:: Data block ::
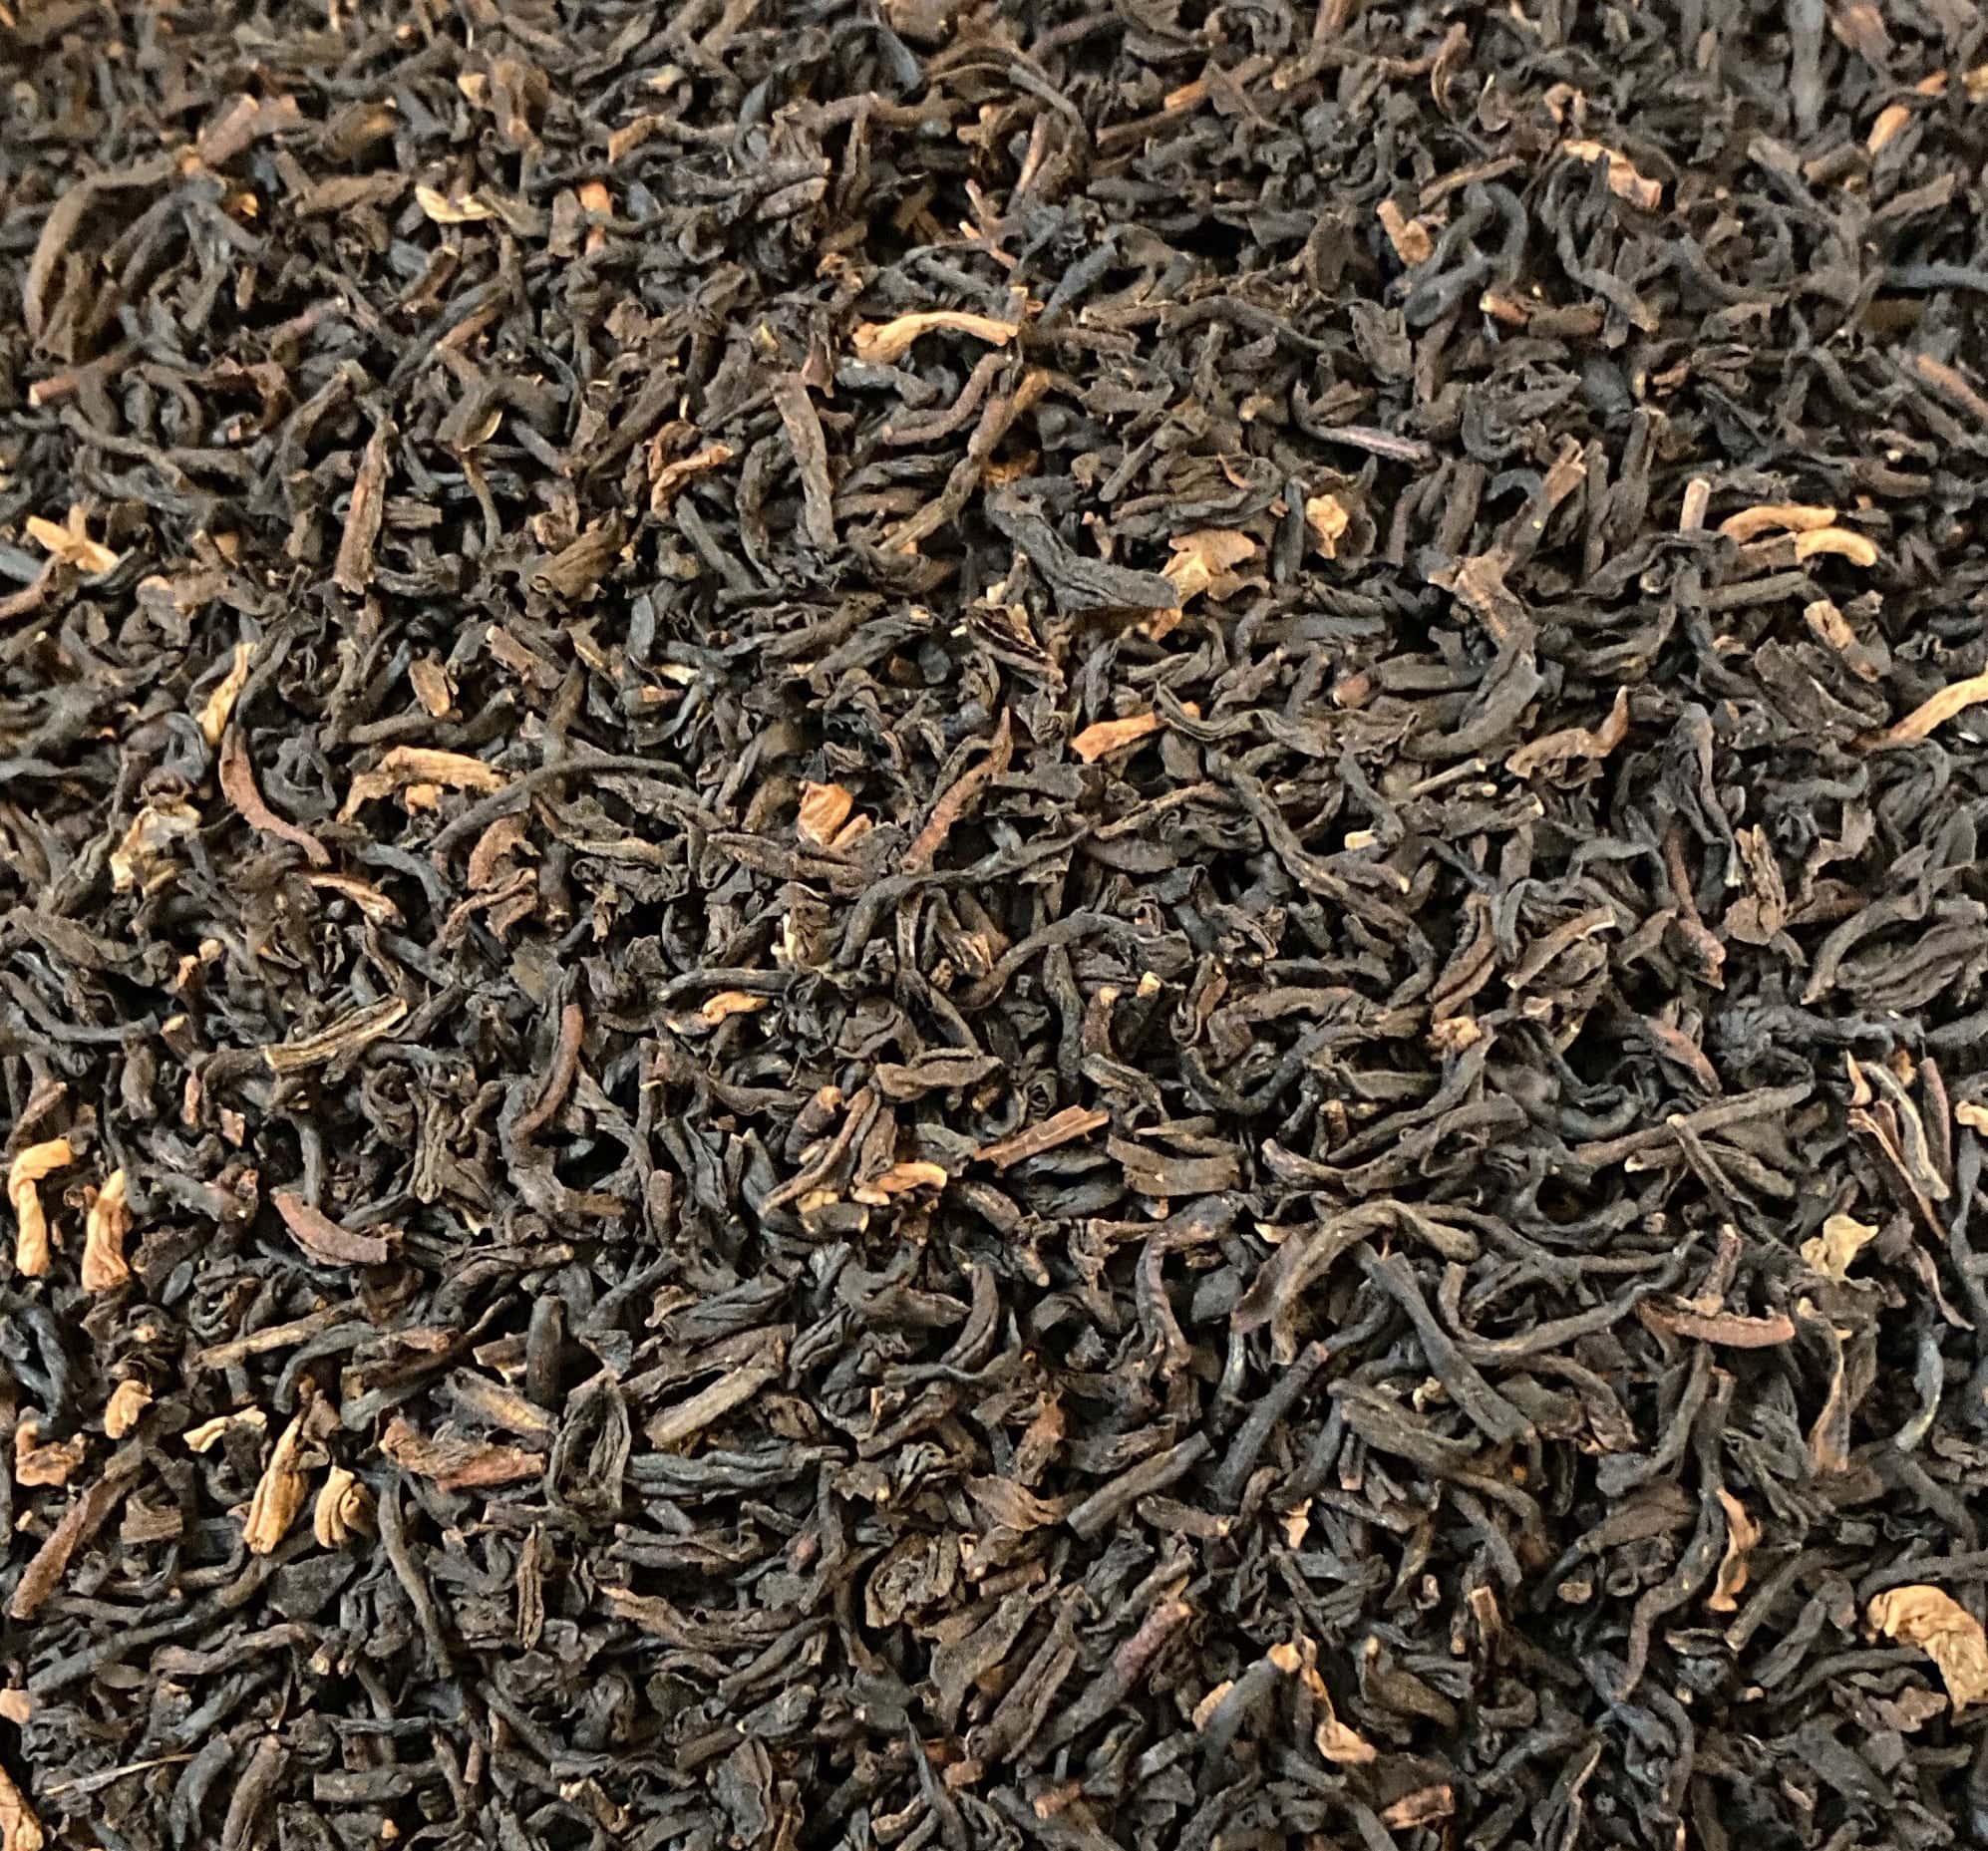 Decaf Black Currant - Infuse Tea Company
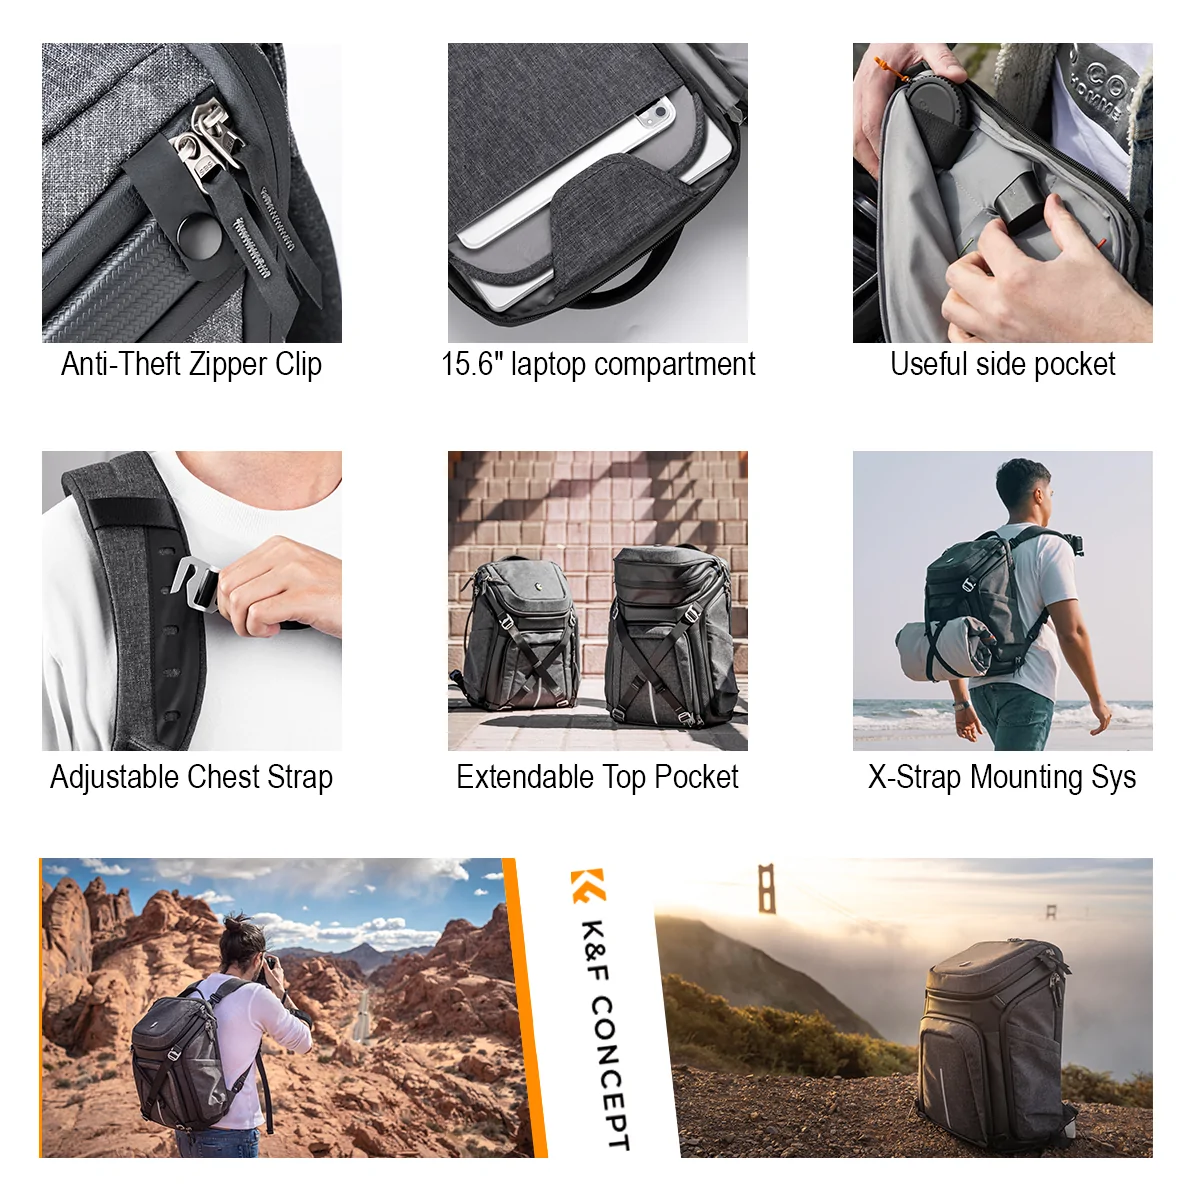 K&F Concept Exec-Shooter the Premium Choice in Camera Backpacks | KF13.105 Camera tek
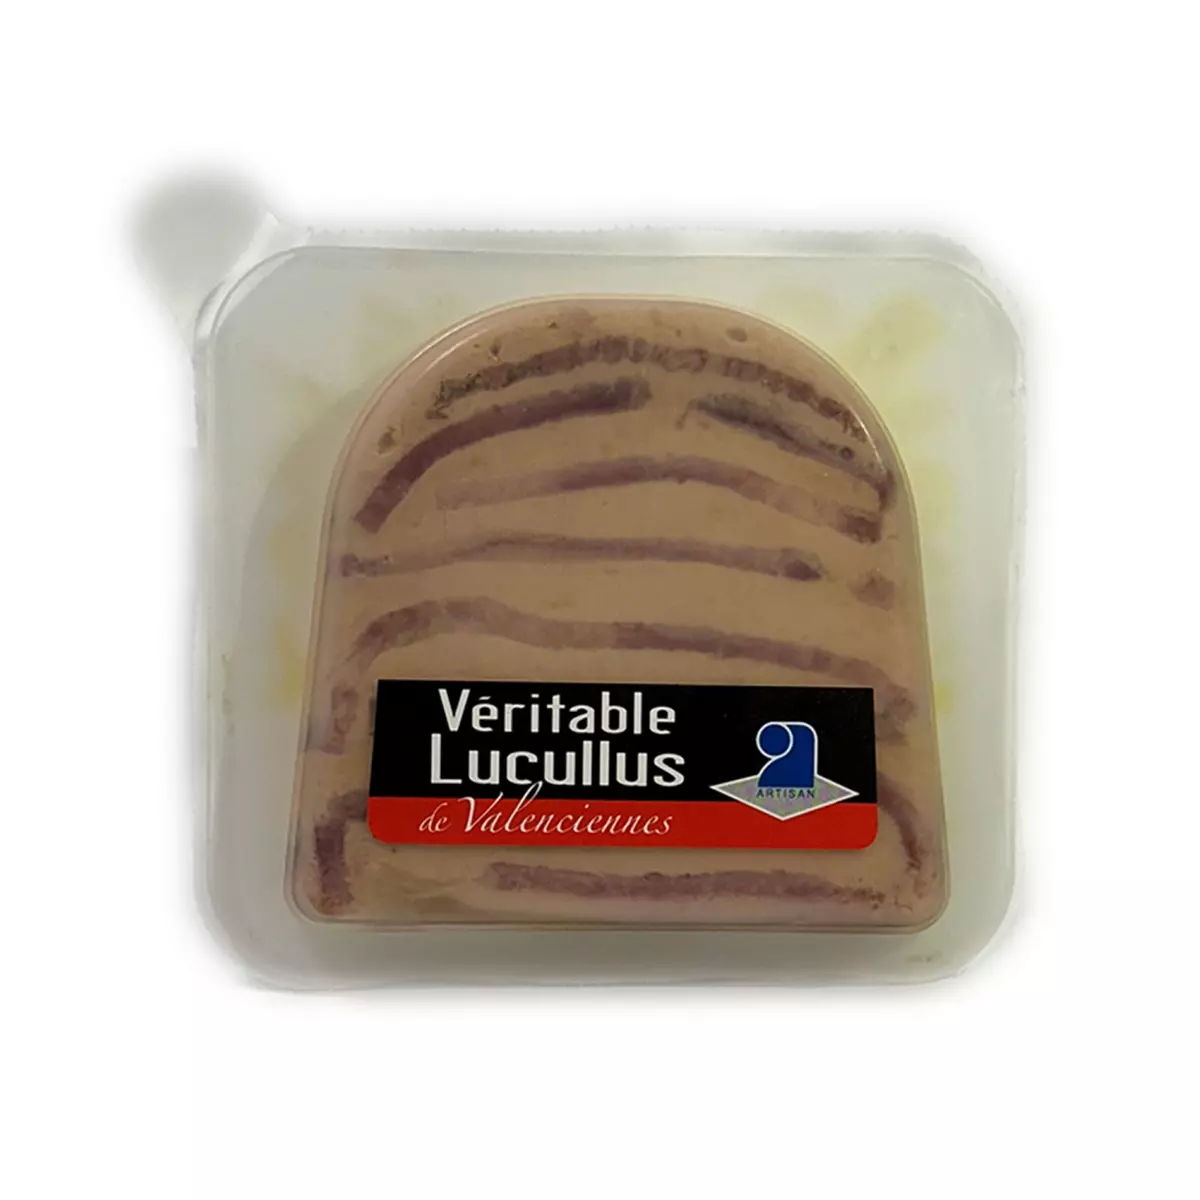 LUCULLUS Véritable Lucullus de Valenciennes 40g
:::
[Task statement]: If a picture falls within the lines from the one containing "K&F Concept Exec-Shooter" through the end of the material, leave it out while repeating those lines exactly.

[Output for this exercise]:
 K&F Concept Exec-Shooter the Premium Choice in Camera Backpacks | KF13.105 Camera tek
 LUCULLUS Véritable Lucullus de Valenciennes 40g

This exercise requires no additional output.